2 Experimental section

2.1 Preparation of V2O5 and V2O5/MWCNT composite films by hydrothermal method

The V2O5 and V2O5/MWCNT composite films were prepared by hydrothermal method onto the fluorine doped tin oxide (FTO) glass substrates. V2O5 powder (0.2 g) was taken in a beaker containing 50 ml of double distilled water and stirred well. The process was performed in an oil bath at 80 °C. Then 1.97 g of oxalic acid was added to the above solution and stirred for 1 h to obtain VOC2O4 solution [21]. This solution was added with 500 ml double distilled water taken in a beaker. Then NH4OH was added slowly to this VOC2O4 solution to adjust the solution pH ~ 2. This forms the aqua precursor solution. Precursor solution of 40 ml was utilized from 550 ml stock solution to deposit V2O5 films. To coat the V2O5/MWCNT composite films, MWCNT of 1, 3 and 5 wt.% was added in separate experiments with 40 ml of the aqua precursor stock solution and was ultra-sonicated for 30 min. The FTO glass substrate of 1 cm × 1 cm size was placed into the solution taken in a Teflon lined autoclave. The substrate was supported with a glass microslide such that the conducing side faces upwards and inclined at about 45° angle to the wall of Teflon. The hydrothermal temperature was fixed at ~ 230 °C and the duration of reaction was 4 h.

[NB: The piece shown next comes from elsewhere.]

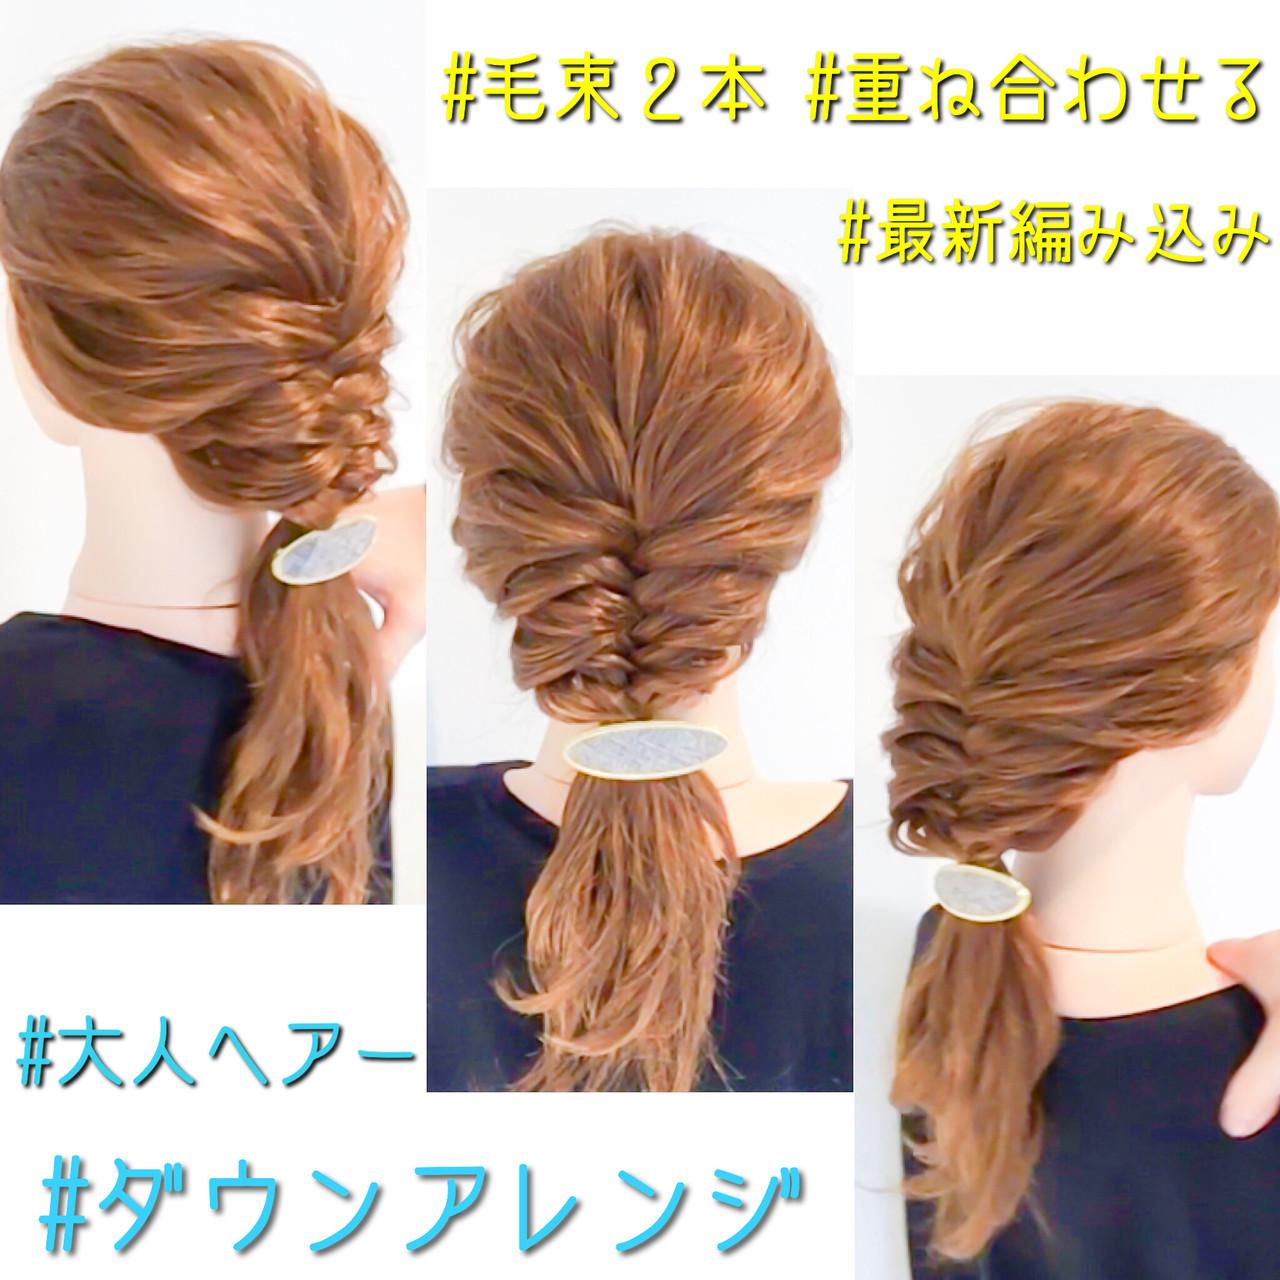 フェミニン ダウンスタイル ヘアアレンジ デート ヘアスタイルや髪型の写真・画像

Then the autoclave was naturally cooled to room temperature. The films obtained were greenish in color which indicates the formation of VO2 phase [21]. Further these films were air annealed at 500 °C for 1 h to obtain the V2O5 films. The V2O5/MWCNT films deposited from 0 wt.%, 1 wt.%, 3 wt.% and 5 wt.% MWCNT added precursor solutions are respectively named as films VC0, VC1, VC3 and VC5.

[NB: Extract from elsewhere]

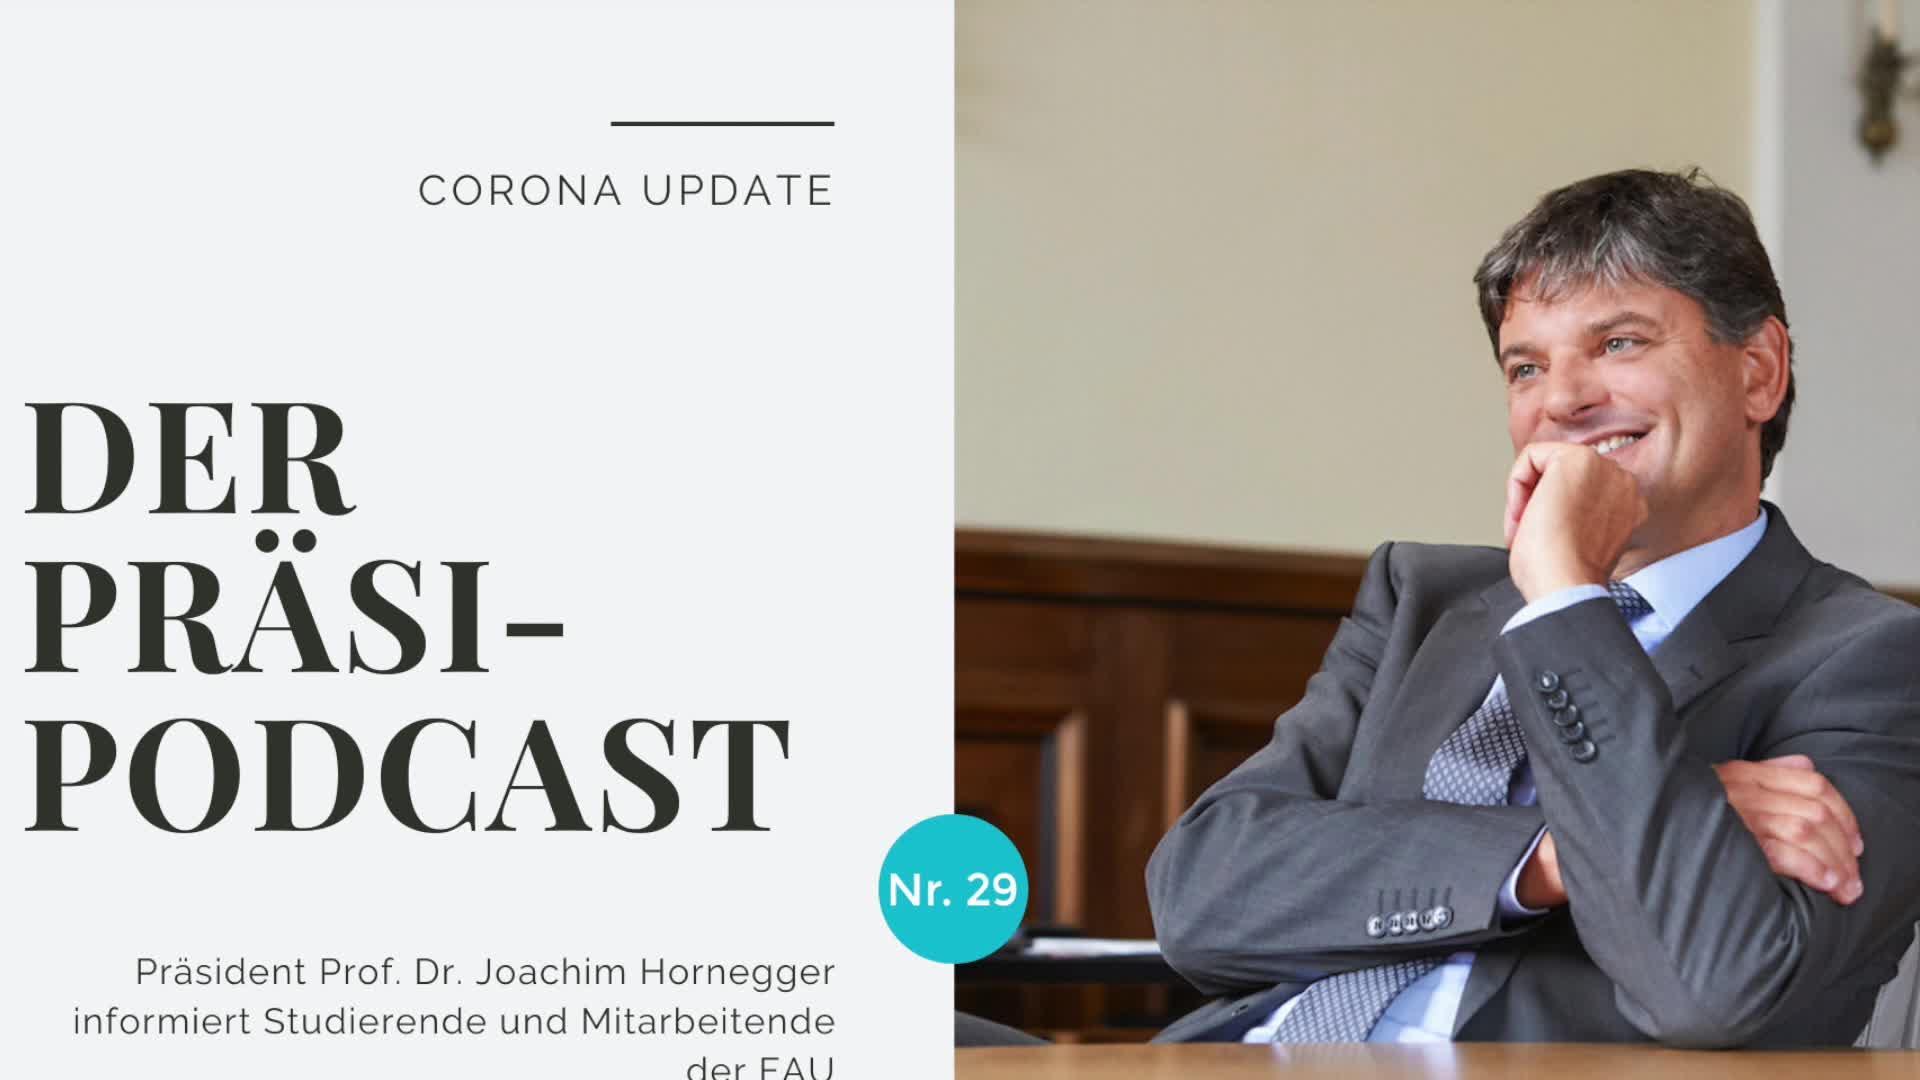 """""""Der Präsi-Podcast"""" vom 19. Oktober 2020 preview image"""

2.2 Characterization studies

An X-ray diffractometer (X’pert PRO Panalytical powder X-ray diffraction system) was used to scan the samples with CuKα radiation (λ = 1.5405 Å) in Bragg–Brentano geometry (θ/2θ coupled) in the 2θ range (20°–90°) to study the structural properties. Field emission scanning electron microscopy (FEI Quanta FEG200) was used to study the surface morphology. UV–Vis–NIR spectrophotometer (Specord-200) was employed to measure the transmittance of the films in the 300–1100 nm wavelength range. The room temperature electrical studies were carried out employing Ecopia HMS-3000 with a magnetic field of 0.57 T (van der Pauw configuration). The electrochromic cell consists of a conventional three electrodes, in which the V2O5/MWCNT composite films deposited onto FTO glass substrates, platinum and Ag/AgCl respectively served as working electrode, counter electrode and the reference electrode. Lithium perchlorate (LiClO4) (1 M) in propylene carbonate (100 ml) was employed as the electrolyte solution. The cyclic voltammetry (CV), chronoamperometry (CA), chronocoulometry (CC) and impedance measurements were carried out using CHI604E electrochemical workstation.

3 Results and discussion

3.1 X-ray diffraction analysis

The X-ray diffraction (XRD) pattern of V2O5 film (VC0) and V2O5/MWCNT composites (VC1–VC5) deposited onto FTO glass substrates by hydrothermal technique along with that of the bare FTO glass substrate are presented in Fig. 1a. XRD pattern of polycrystalline V2O5 film and V2O5/MWCNT composite films exhibit orthorhombic crystal system of V2O5. All the films show XRD peaks at 2θ ~ 15.3°, 17.6°, 20.2° and 21.5° due to respectively (200), (002), (001) and (101) planes that match well with the standard data (JCPDS card no. 41-1426). The XRD pattern of MWCNT powder, presented in Fig. 1b, match well with the reported XRD pattern [22]. Figure 1a shows that the peak intensity of (001) plane is reduced by adding 1, 3 and 5 wt.% of MWCNT. This is due to the influence of addition of MWCNT on the crystallinity of the deposited films. With the addition of 3 wt.% of MWCNT the growth of the film along (001) is reduced and favored the growth along (002) plane. Addition of 5 wt.% of MWCNT reveals the saturated chemical interaction between the MWCNT and V2O5. This results in the growth of film along (001) and the peak intensity is relatively increased when compared to 1 and 3 wt.% MWCNT/V2O5 composite films which show similar behavior as that of V2O5 film. The crystallite size (D) was estimated using Scherrer equation [23],

$$D=\frac{K\lambda }{\beta \mathrm{cos}\theta },$$

where λ (1.5406 Å) is the X-ray wavelength; β is the full width at half maximum (FWHM) and θ is the Bragg diffraction angle, K = 0.9 is the so-called Scherrer constant. K depends on the crystallite shape and the size distribution indices the diffraction line [24]. The crystallite size (D) of the films VC0, VC1, VC3 and VC5 obtained from (002) plane are 24.0 nm, 21.0 nm, 14.0 nm and 21.0 nm, respectively. The crystallinity decreases with the addition of MWCNT in the matrix of V2O5.

Fig. 1
figure 1

a XRD pattern of the films VC0, VC1, VC3 and VC5 and FTO glass substrate; b XRD pattern of MWCNT powder; c Raman spectra of the films VC0, VC1, VC3 and VC5; d Zoomed peak at ~ 143 cm−1 shows Raman shift; e D and G Raman band peaks of MWCNT observed for the film VC1; and f FTIR spectra of the films VC0, VC1, VC3 and VC5 and the inset represents the shift in the peak at 1000 cm−1 (Color figure online)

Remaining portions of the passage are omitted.